Dan entah kenapa, pada hari ini aku tidak langsung pulang ke rumah. Namun, aku ingin menikmati matahari terbenam di Wisata Bukit Surga yang berada di desaku. Setelah tiba disana, aku berjalan menuju warung kopi untuk memesan segelas teh hangat sebagai teman menikmati indahnya matahari terbenam.
"Mbak Nur, aku pesan teh hangatnya satu"
"Kamu belum pulang, Jihan?" tanya Mbak Nur tanpa menjawab minuman yang aku pesan.
"Belum, Mbak. Masih ingin menikmati indahnya matahari terbenam sebentar habis itu pulang, Mbak." Jelasku dengan lugas.
"Tunggu di sini ya, Han. Aku buatkan teh hangatmu sebentar. Aku malas bila harus mengantar di ujung Bukit Surga"
"Hmm, iya deh Mbak. Aku tunggu"
Beberapa menit terlewat, teh hangat yang aku pesan sudah jadi. Aku berjalan perlahan menuju di ujung Bukit Surga. Tampak dari kejauhan aku melihat seorang lelaki yang parasnya sepertinya sudah tidak asing lagi bagiku.

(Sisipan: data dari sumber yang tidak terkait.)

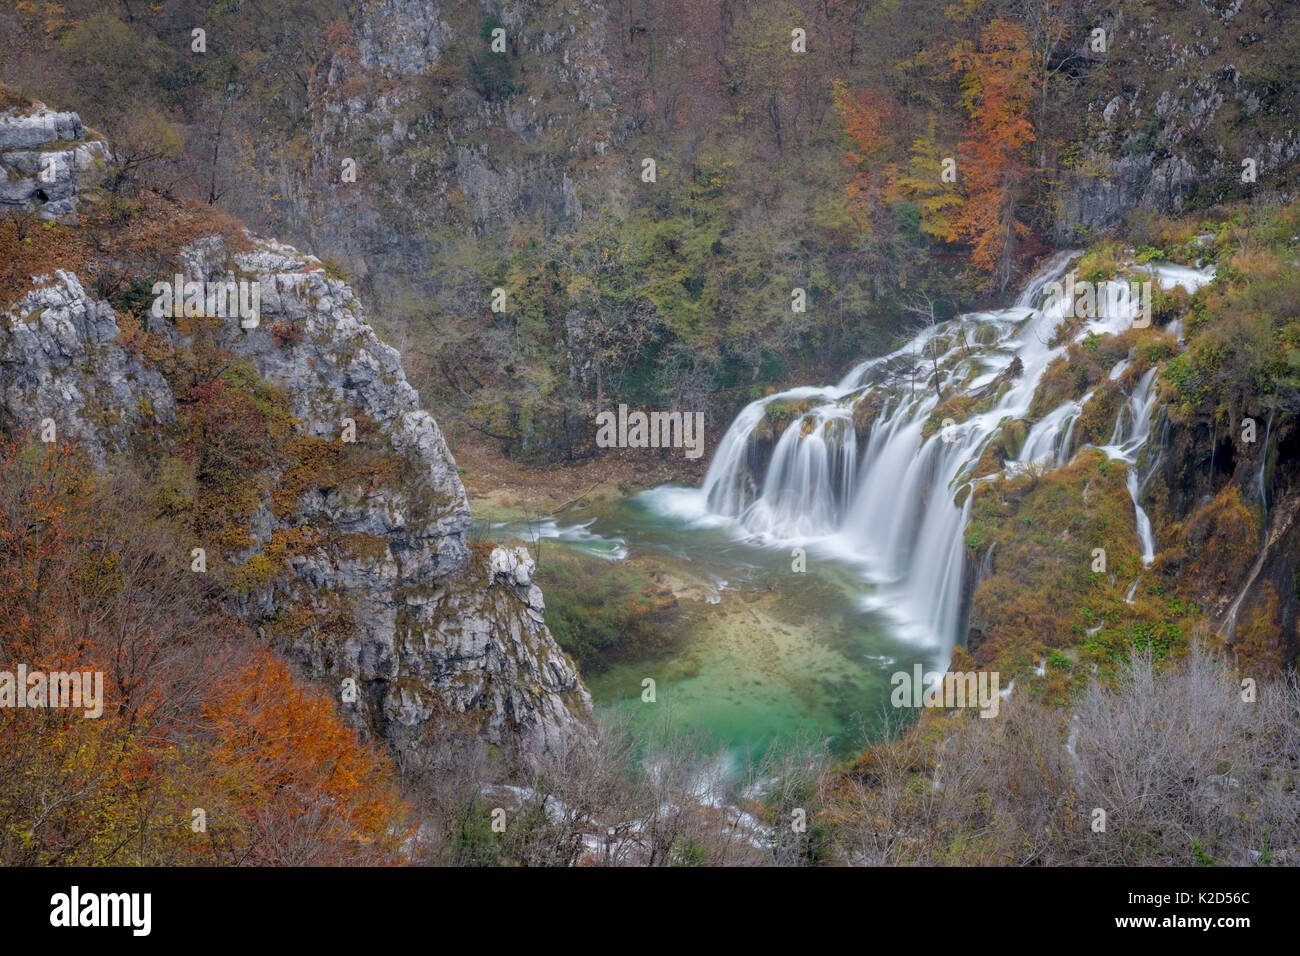 Reihe von Wasserfällen als astavci', die Kaskade zwischen Bergseen, Nationalpark Plitvicer Seen, Kroatien bekannt. November. Stockfoto

Meskipun begitu, aku tetap saja dengan niat awalku menuju ke ujung Bukit Surga tanpa memperdulikan lelaki yang sudah berada di ujung Bukit Surga. Aku duduk agak jauh dari lelaki tersebut tanpa melirik wajahnya sedikitpun.
Selang beberapa saat setelah aku meneguk teh hangatku, tiba-tiba terdengar sapaan dari arah lelaki yang duduk agak jauh dariku.
"Lho, Jihan? Ngapain kamu disini? Kok tidak langsung pulang?" sapa lelaki tersebut sembari perlahan menghampiri tempat dudukku.
"Eh, kamu bukannya yang tadi di kelas ya? Kok sudah berada di sini?" tanyaku dengan nada sedikit gugup karena kaget dia berada di ujung Bukit Surga.
"Iya, setelah kamu beritahu tadi, jam 12 siang aku langsung berangkat ke Desa Bareng untuk memastikan apa benar di sini sudah terdapat tempat wisata seperti yang kamu ceritakan sekilas. Dan ternyata yang kamu ceritakan memang benar."
"Kamu sebenarnya siapa sih? Terus tau namaku darimana? Tau asalku dari Desa Bareng juga darimana?" seruku dengan beberapa pertanyaan yang sudah tidak dapat ku pendam lagi.
"Aku itu Ali, teman masa kecilmu di Desa Bareng ini. Inget nggak? Dulu rumahku berada di ujung gang buntu rumah kamu. Aku mengetahui namamu dari Ibuku. Ibuku mendapat kabar dari budhe-ku yang masih tinggal di Bareng. Katanya, Jihan juga satu kelas samu kamu lho, le. Dari situ, aku mencoba mencari informasi tentangmu dari beberapa teman di kelas."
"Hmm, Ali?" jawabku sambil mengingat-ingat teman bermainku masa kecil.
"Iya, aku Ali yang dulu pernah kamu ajarin naik sepeda kemudian nabrak pohon rambutan itu lho"
"Oalah, iya-iya aku inget Al"
Setelah obrolan tersebut, aku dan Ali menjadi seperti dua sahabat yang telah lama berpisah yang dipertemukan kembali di ujung Bukit Surga.